Regal retroussa le museau.
_Je ne suis pas zoologiste mademoiselle Celestia, je n'ai aucune idée s'il existe pareil animal. Vous devriez vous adresser à vos camarades terrestres, ils pourront sans doute mieux vous renseigner que moi.
Au détour de cette phrase, Regal fit clairement comprendre que la licorne qu'il était se désintéressait fortement de tout ce qui pouvait toucher les animaux et le monde de la nature en général. C'était du travail de poney commun ça.
_Maintenant, si cela ne vous dérange pas mademoiselle, j'aimerais reprendre mon cours là où vous nous avez interrompus.
Le professeur reprit son livre, l'ouvrit à la page qu'il avait préalablement cornée et se racla la gorge.

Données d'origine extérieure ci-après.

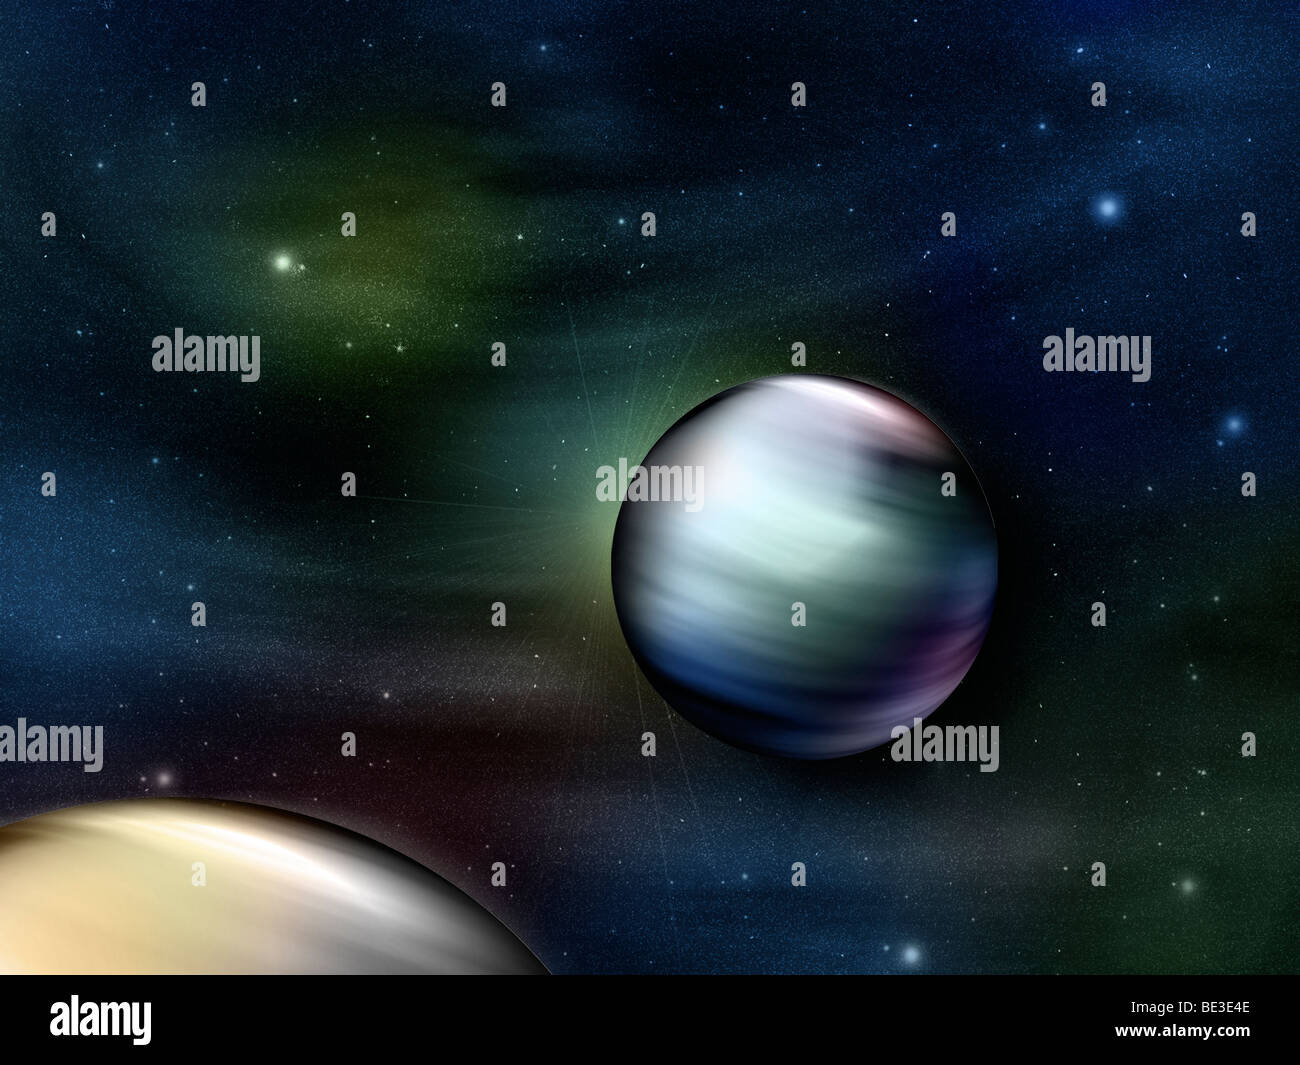 Illustration of planets in outer space. Stock Photo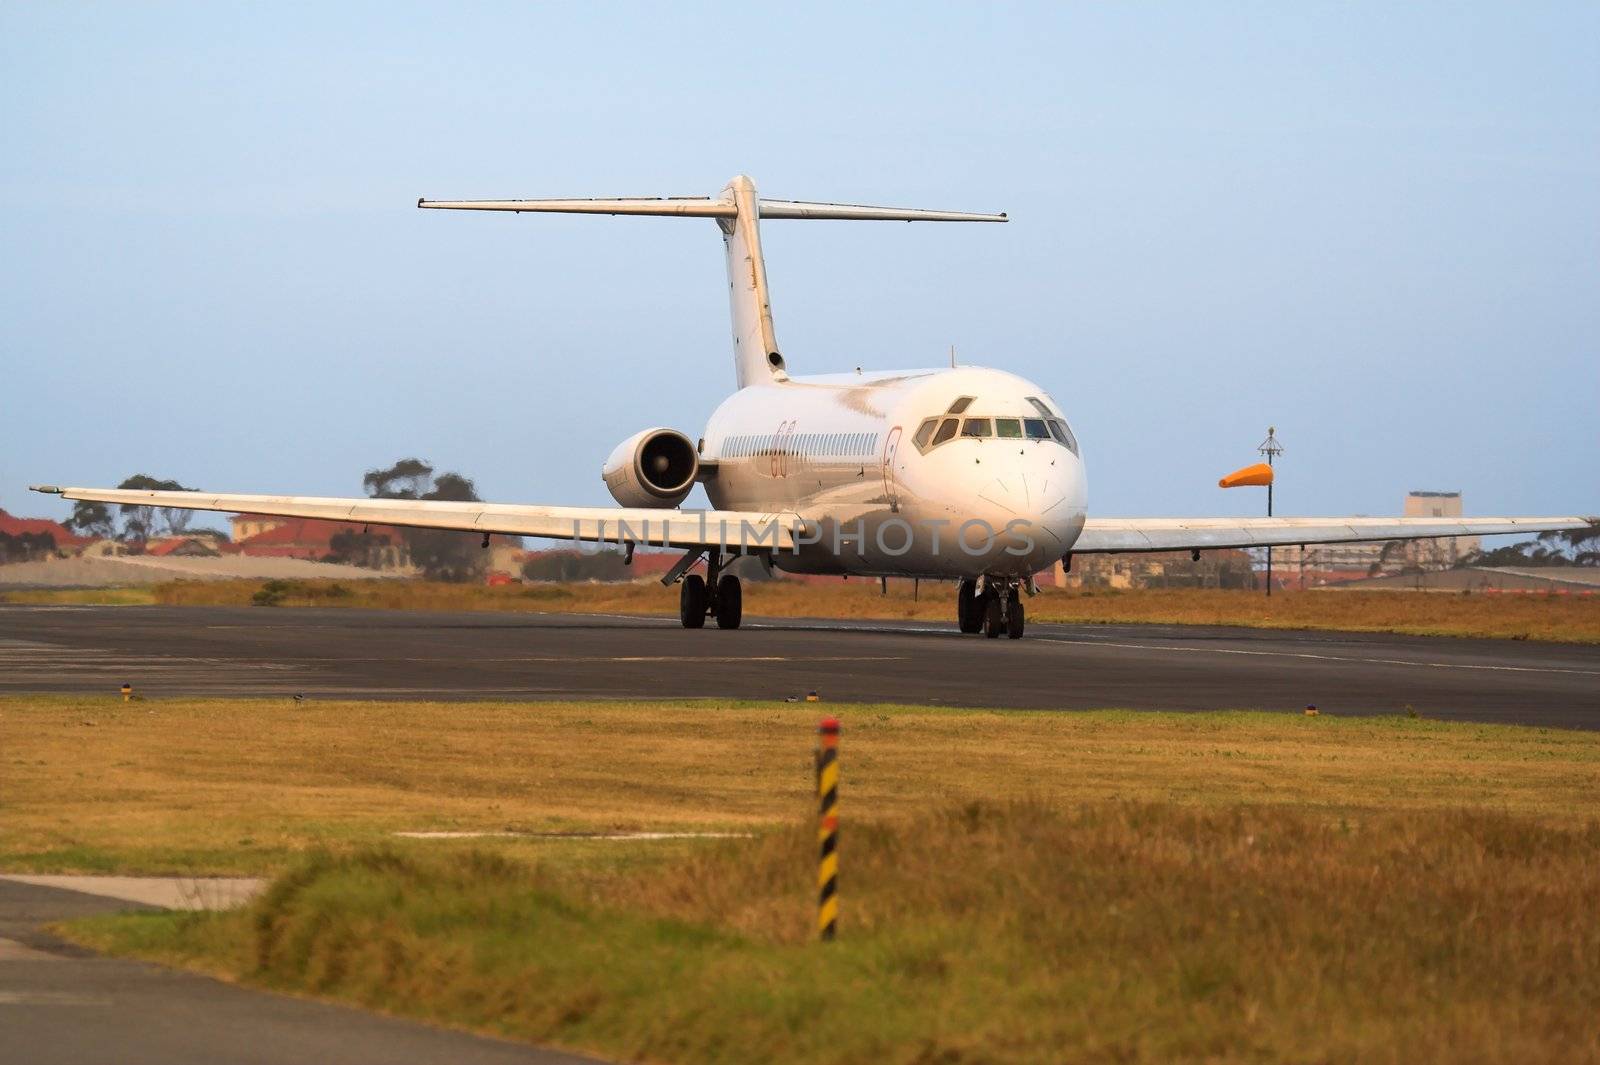 A passenger jetliner on the runway before take off

_Mais un animal intelligent, qui parlerait notre langue ? demanda Celestia, profitant du court silence qui s'était installé pour enchaîner avec une autre question.
_Vous avez une imagination débordante ma petite, lâcha sur un ton mordant le professeur, quel dommage que vous ne vous en serviez pas dans le bon sens.
Il marqua une pause, comme s'il voulait prendre son temps, puis :
_Vous resterez en retenue jeudi prochain après les cours pour rédiger une dissertation sur la vie des taupes. Vous qui semblez adorer la vie souterraine, je suis certain que vous trouverez ce devoir passionnant.
Le sourire de Celestia s’effaça alors qu'un gloussement moqueur agitait ses camarades de classe, comme à chaque fois qu'un élève se faisait punir par Regal.
Elle serra de frustration ses sabots les uns contre les autres et se mordit la langue pour ne pas insulter son professeur. C'était injuste, totalement injuste !
De quel droit est-ce que Regal avait osé la punir ? Qu'est-ce qu'il allait marquer sur la feuille de retenue ? « Punie pour avoir posé des questions en cours » ?
Ca n'avait pas de sens.
Et puis non alors, pas jeudi prochain ! C'était le jour où Séraphine organisait sa cutieañera, Celestia avait eu un mal de fou à décrocher l'invitation !
La fille d'un des plus gros négociants en épices de la ville, une des ponettes les plus populaires de l'école et peut-être même de Canterlot !
C'était sa chance d'entre enfin acceptée par les autres à l'école malgré le fait qu'elle même n'ait pas encore de cutie mark. Si elle faisait bonne impression à la fête elle était tranquille pour le reste de l'année ! Tout se jouerait jeudi prochain !
Regal ne pouvait pas lui faire ça ! Pas là, pas maintenant !
Quand la cloche sonna cinq heures et que les autres élèves se battaient presque à coups de sabots pour arriver en premier en dehors de l'école, Celestia trotta jusqu'au bureau de son professeur qui rangeait son cartable.
_M'sieur Regal, j'voulais vous demander...
La licorne lui fit signe de poser sa question d'un geste ample du sabot, comme si elle l'avait pas vraiment d'importance à ses yeux. Celestia la formula quand même :
_Votre dissert', je pourrais pas plutôt la faire une autre fois ? Je pourrais vraiment pas jeudi.
_Le jeudi est le jour des retenues mademoiselle Celestia. Je pensais qu'à force d'y être abonnée, vous auriez fini par comprendre.
_Je sais bien c'est juste que jeudi, je pourrais pas ! Y a Séraphine qui fête sa cutie mark, je suis invitée, c'est super important pour moi, vous imaginez pas à quel point ! Je la ferais mercredi votre dissertation, vendredi ou filez en moi une double pour le jeudi d'après, j'm'en fiche mais laissez moi juste ce jeudi là.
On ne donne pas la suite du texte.